# Source data
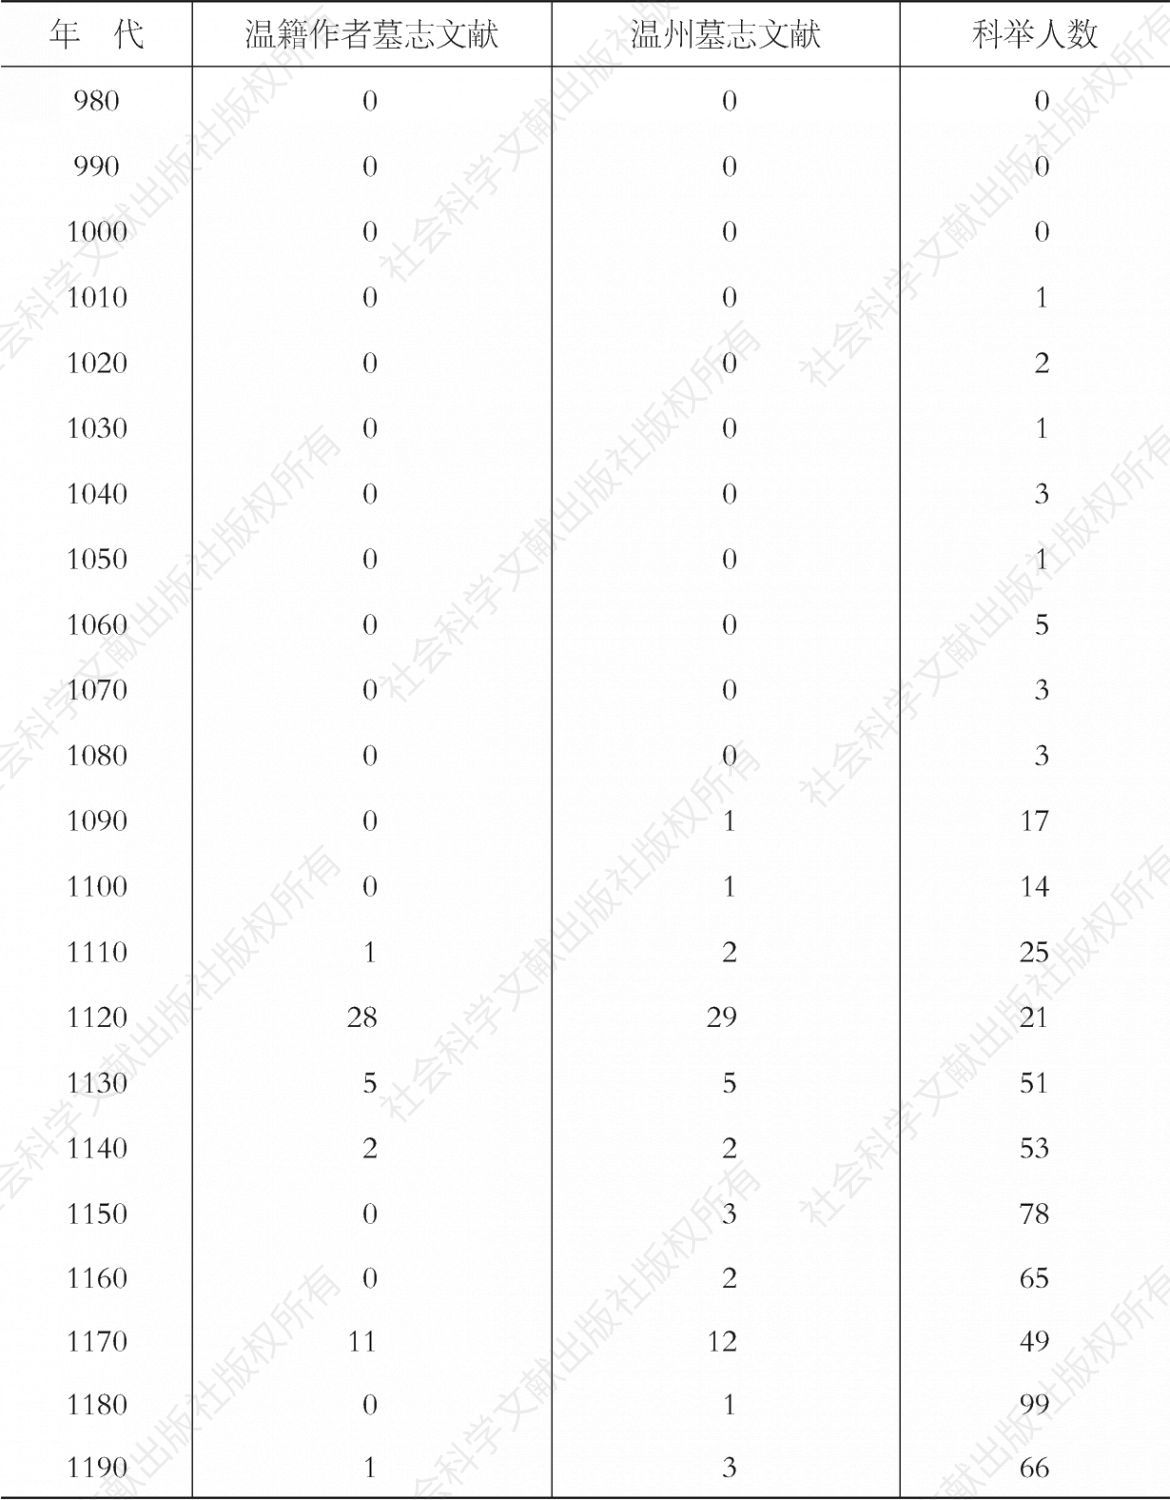 表4-1 温州各年代墓志文献数量与科举人数
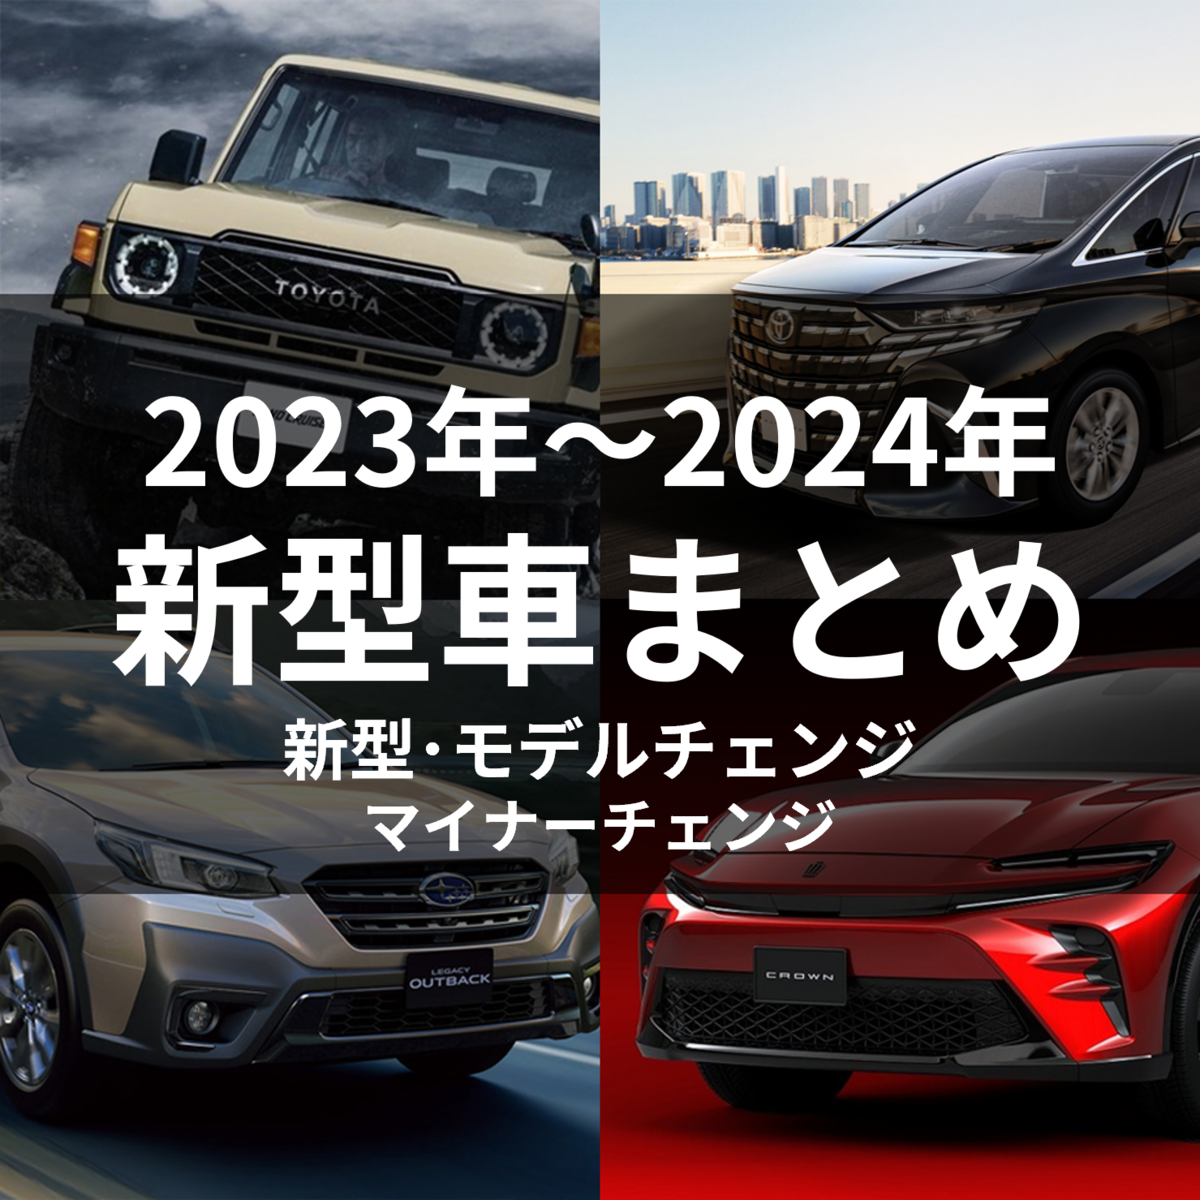 2023～2024年 新車情報】新型車とモデルチェンジ予定の車を総まとめ
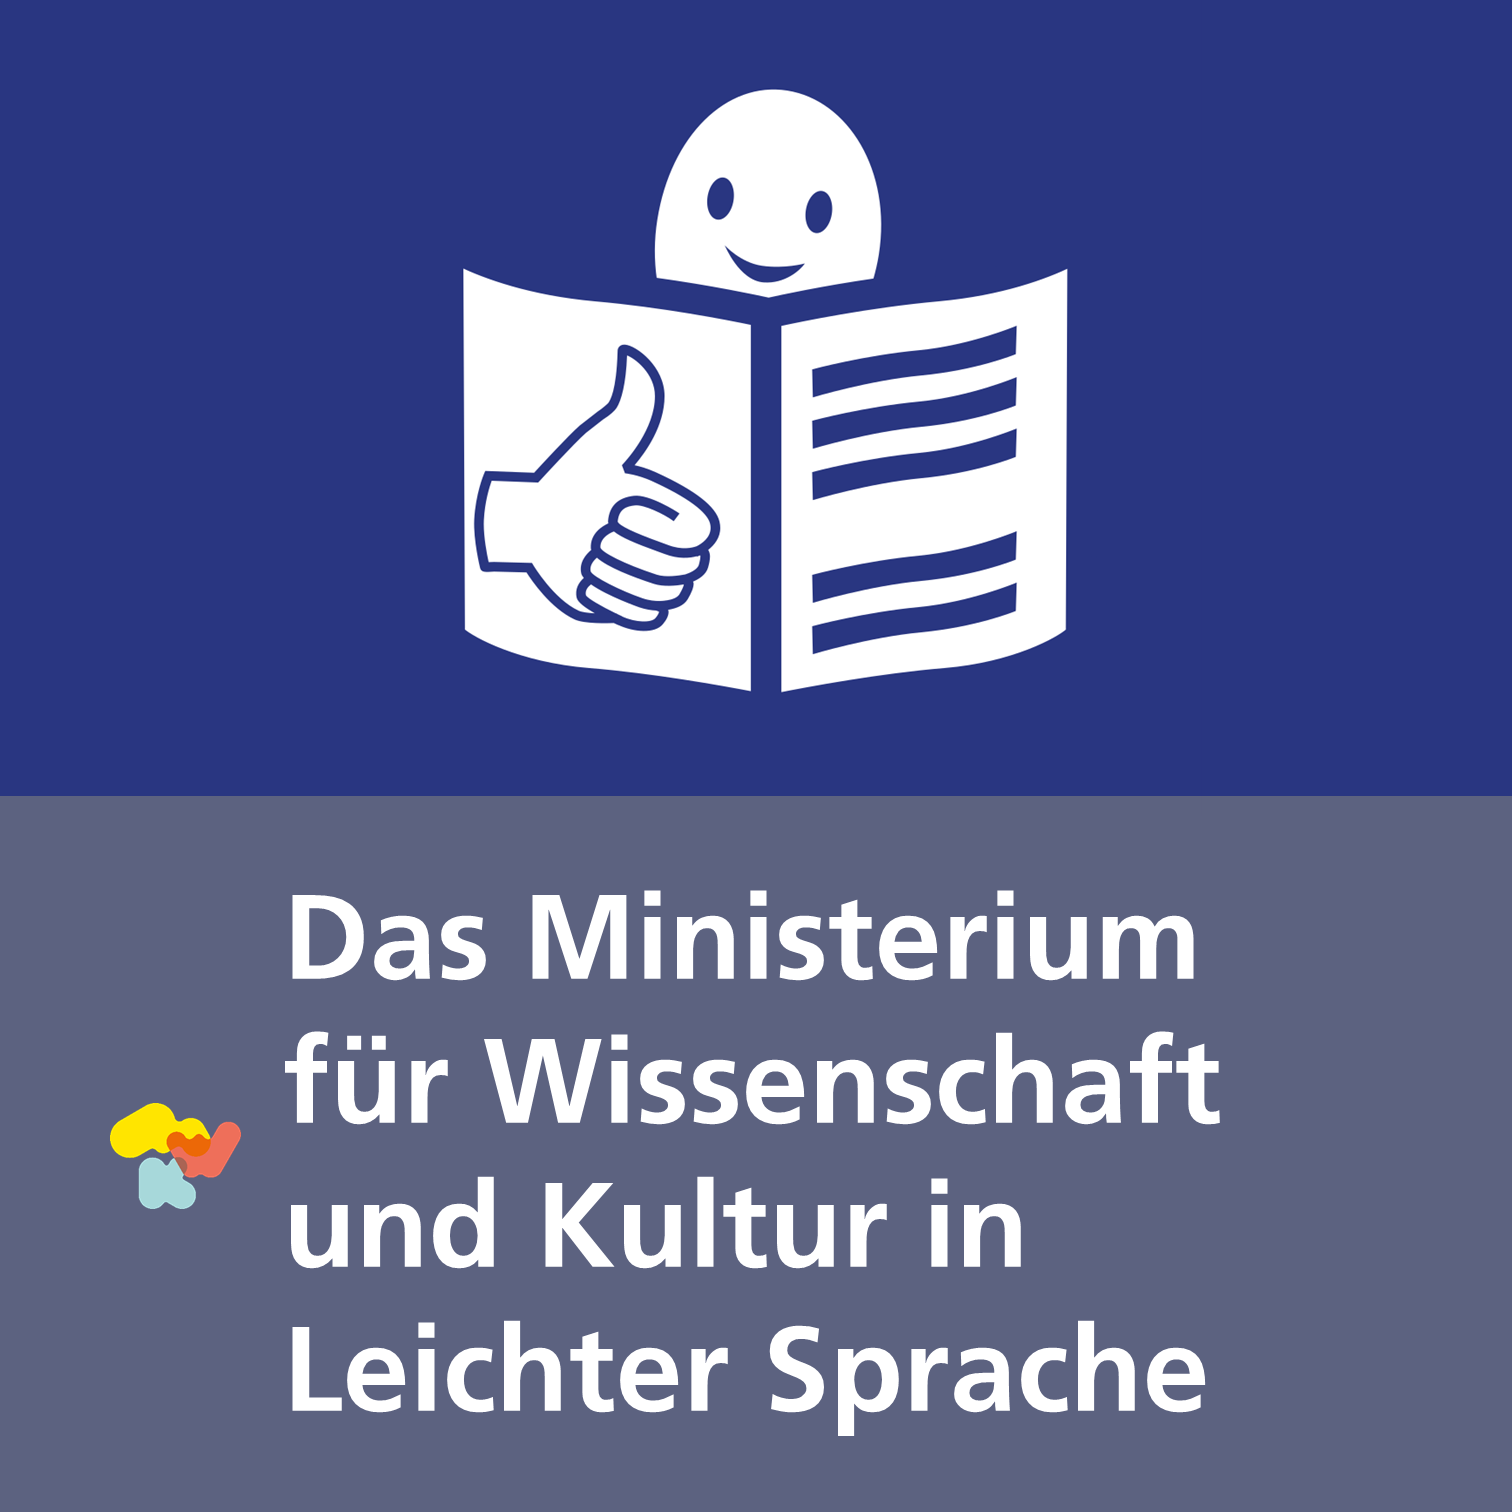 Schmuckbild: MWK in Leichter Sprache (Bildrechte Signet: © European Easy-to-Read Logo: Easy to Read. More information at www.easy-to-read.eu)
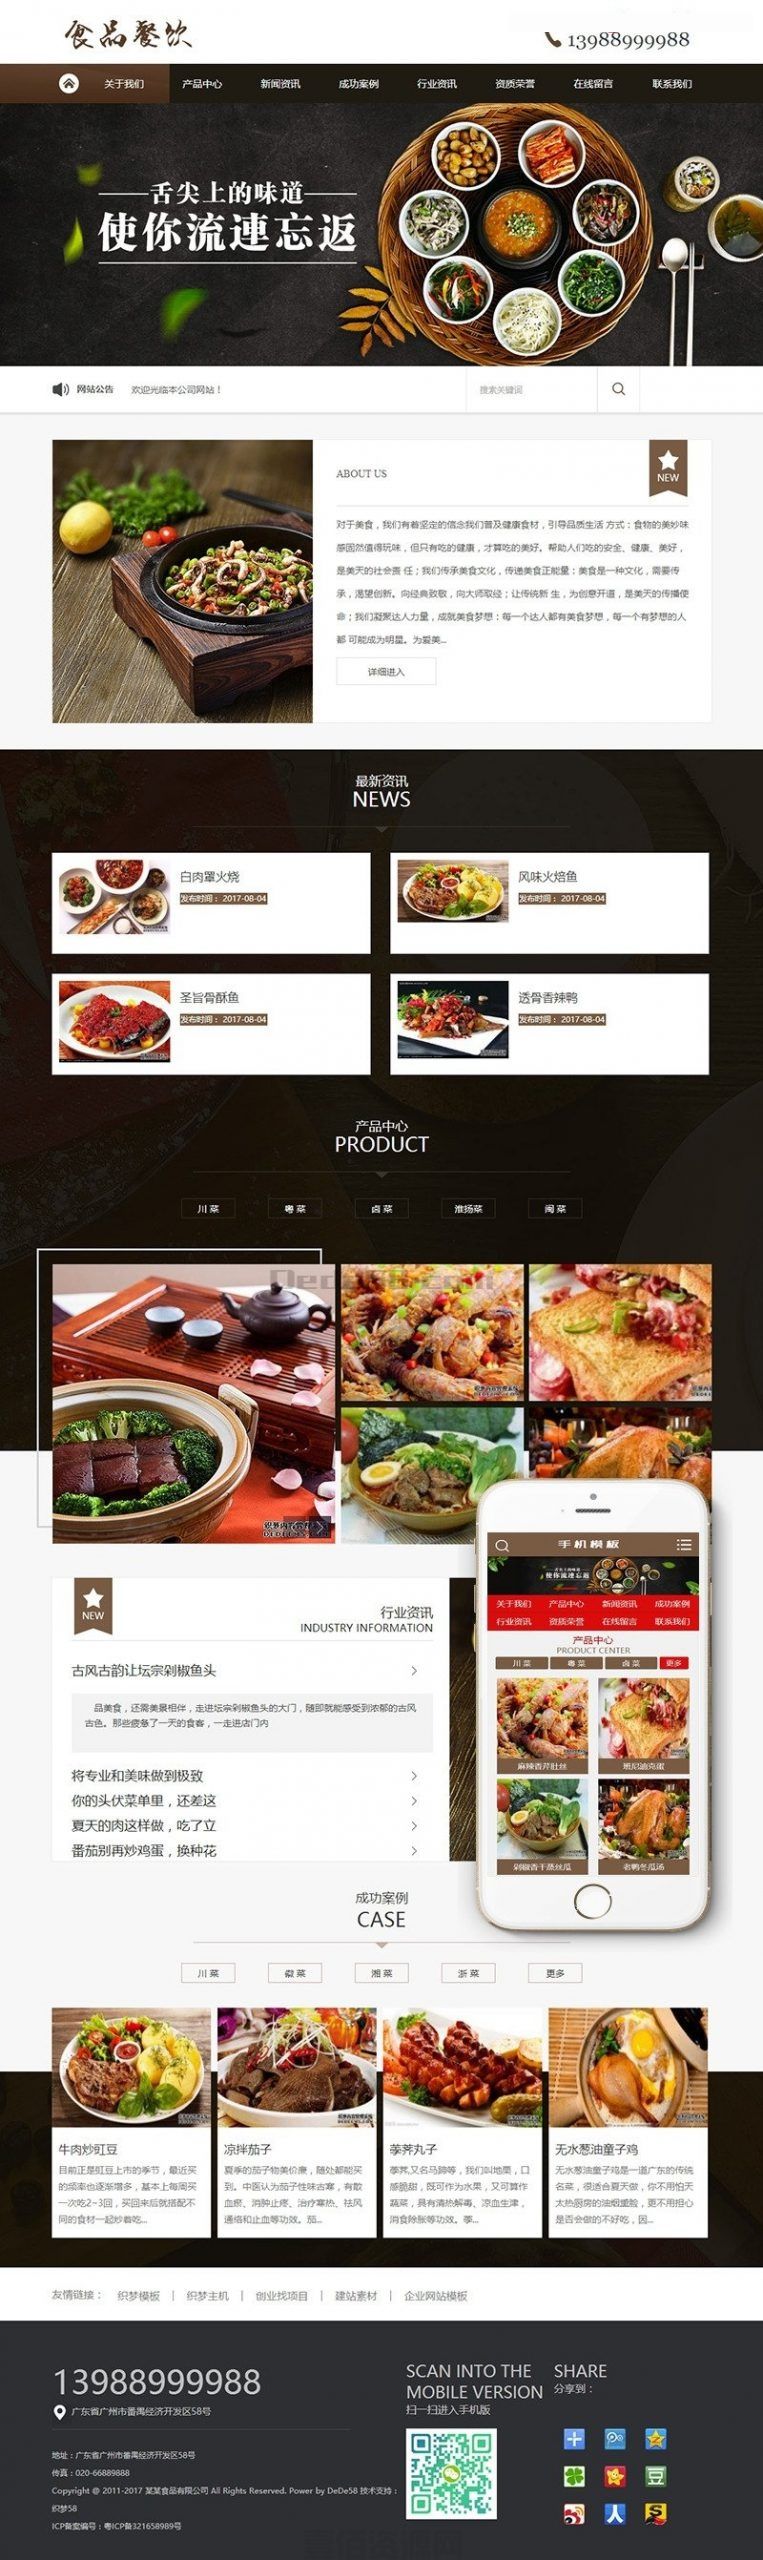 健康食品餐饮美食类网站源码 dedecms织梦模板 (带手机端)(图1)

# Required action
Starting at the line that holds "2023～2024年 新車情報】新型車とモデルチェンジ予定の車を総まとめ", retype every line through the end of the data, both ends included. Pictures stay out of the copy.

# Task response
 2023～2024年 新車情報】新型車とモデルチェンジ予定の車を総まとめ
 Schmuckbild: MWK in Leichter Sprache (Bildrechte Signet: © European Easy-to-Read Logo: Easy to Read. More information at www.easy-to-read.eu)
 健康食品餐饮美食类网站源码 dedecms织梦模板 (带手机端)(图1)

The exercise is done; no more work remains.